Aus diesem Grund benennt der Buddha die Begierde (oder die Wünsche) als Faden. So wie ein Faden die verschiedenen Stoffteile zusammenfügt, in ähnlicher Weise verbindet die Begierde das eine Leben mit dem nächsten, knüpft die Abfolgen der Leben aneinander. Und so bleibt Samsara, das Wandern im Daseinskreislauf, durch die Begierde erhalten. Solange die Begierde erhalten bleibt, geht der Prozess weiter. Der Tod ist kein Hindernis für die Kontinuität dieses Prozesses, für die Erneuerung von Erfahrungen durch die 6 Sinne. Verlangen ist so mächtig, dass es fähig ist den Zwischenraum zu überbrücken, der durch den Tod geschaffen wurde, und kann so ein neues Haus sinnlicher Existenz erbauen.

Immer wieder und immer wieder und immer wieder .....
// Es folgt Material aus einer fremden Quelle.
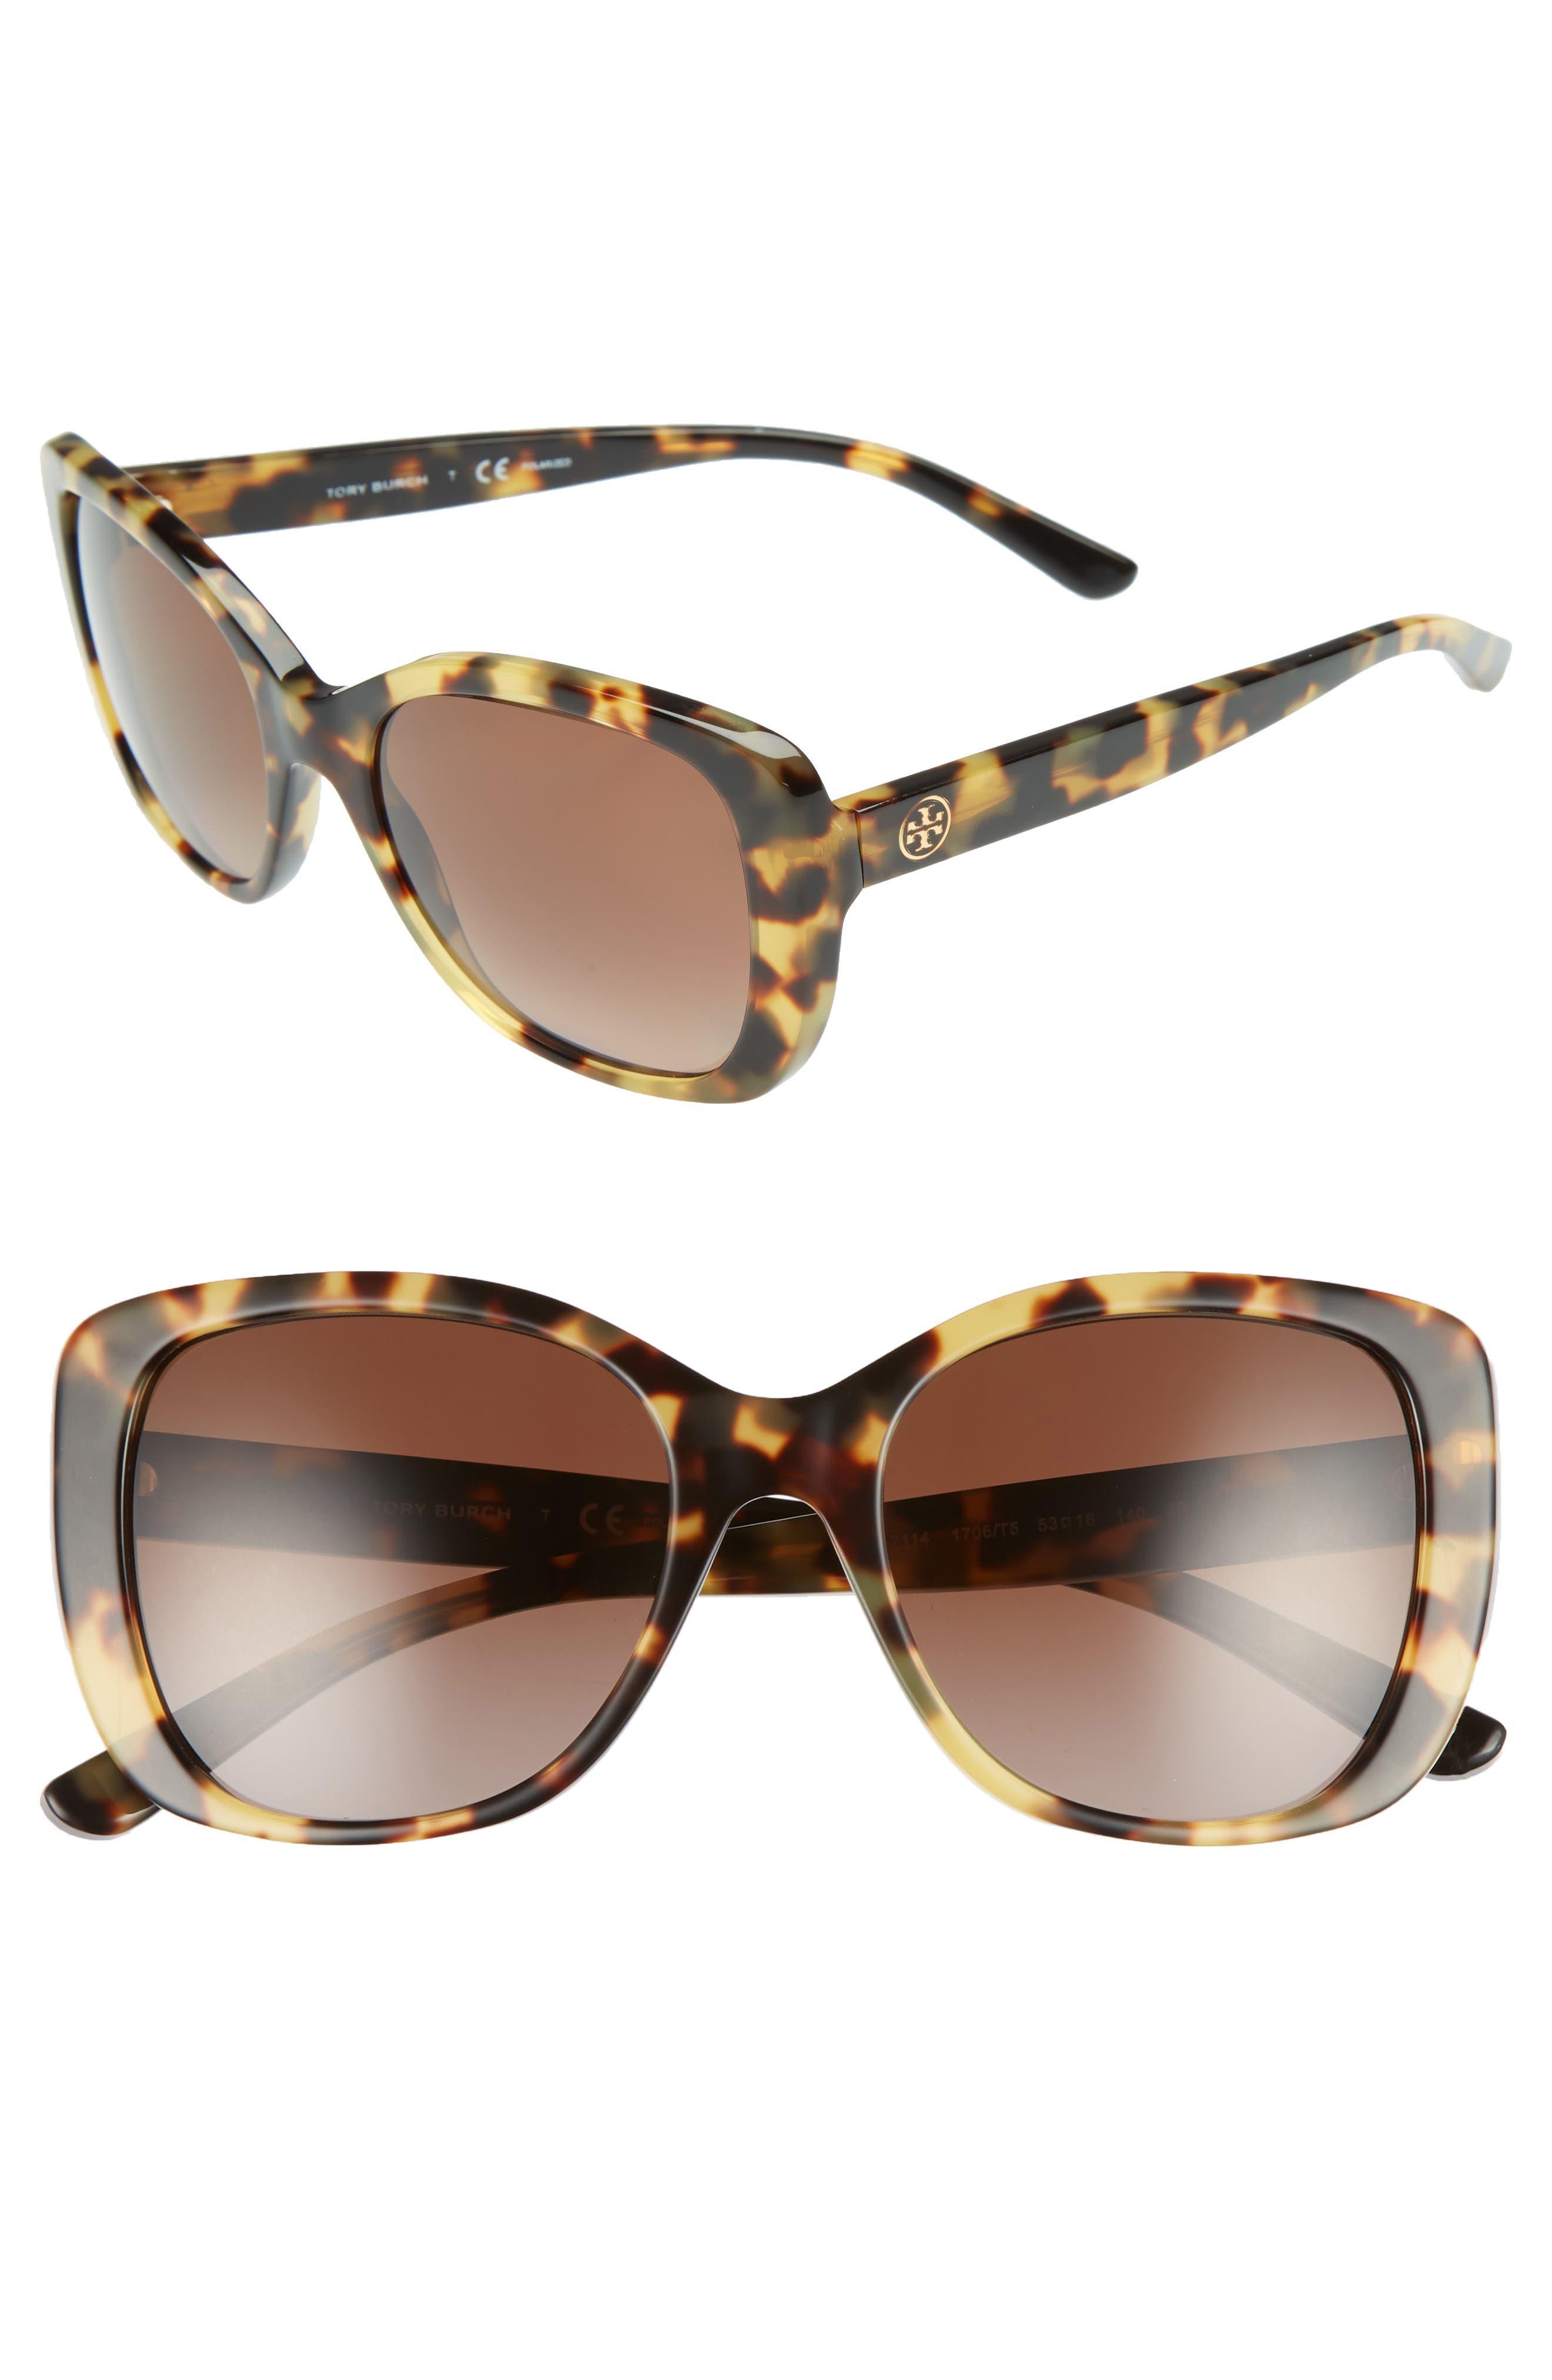 53mm Polarized Rectangle Sunglasses,                         Main,                         color, TOKYO TORTOISE GRADIENT

...stellt sich die Frage ob Samsara erreichbar ist wenn man sich nicht biologisch fortpflanzt

Um hier weiterzukommen würde ich den Bewusstseinsstrom wie eine Sammlung von Informationen betrachten die auf unterschiedlichste Art und Weise transportiert werden können.
Inwiefern die Epigenetik zu berücksichtigen wäre, weiss ich nicht wirklich.
Man kann die Menschheit ebenfalls als Bewusstseinsstrom betrachten, wir geben unsere Erfahrung kulturell bedingt an folgende Generationen weiter, diese kulturellen Impulse fliessen in einzelne Individuen zurück und formen deren Wesen welches sich wiederum kulturell mehr oder weniger stark einbringt und die zukünftige Kultur beeinflusst...
In der Folge treten kleine Bewusstseinsflüsse an unerwarteter Stelle wie Quellen hervor und werden zu Strömen.

So gesehen ist es möglich das menschliche Sein metaphysisch zu betrachten ohne die Idee von von einer Individualseele zu bemühen welche sich in erster Linie darauf konzentriert eine Rückkehr zu ihrem Ursprung oder Schöpfer zu herbeizusehnen.

Gruss Grubi
_________________
https://youtu.be/f2ROFnA4HRA
Grubi hat folgendes geschrieben:


...stellt sich die Frage ob Samsara erreichbar ist wenn man sich nicht biologisch fortpflanzt



Nach buddhistischer Auffassung unausweichlich.

Ich zitiere aus dem Text, den du verlinkt hast:
Zitat:
und es gibt eine dritte Bedingung, die der Buddha den GANDHABBA nannte. Der GANDHABBA ist der Strom des Bewusstseins der verstorbenen Person, der Fluss des Geistes, der bereit ist neue Geburt zu nehmen. {} Wenn diese drei Bedingungen zusammenkommen, dann kann die Befruchtung stattfinden. Das Ei wird befruchtet und formt die ersten Zellen, und der neue Lebensprozess beginnt.
Und Nirwana ist dann, wenn die Individualität mit dem Ganzen verschwimmt.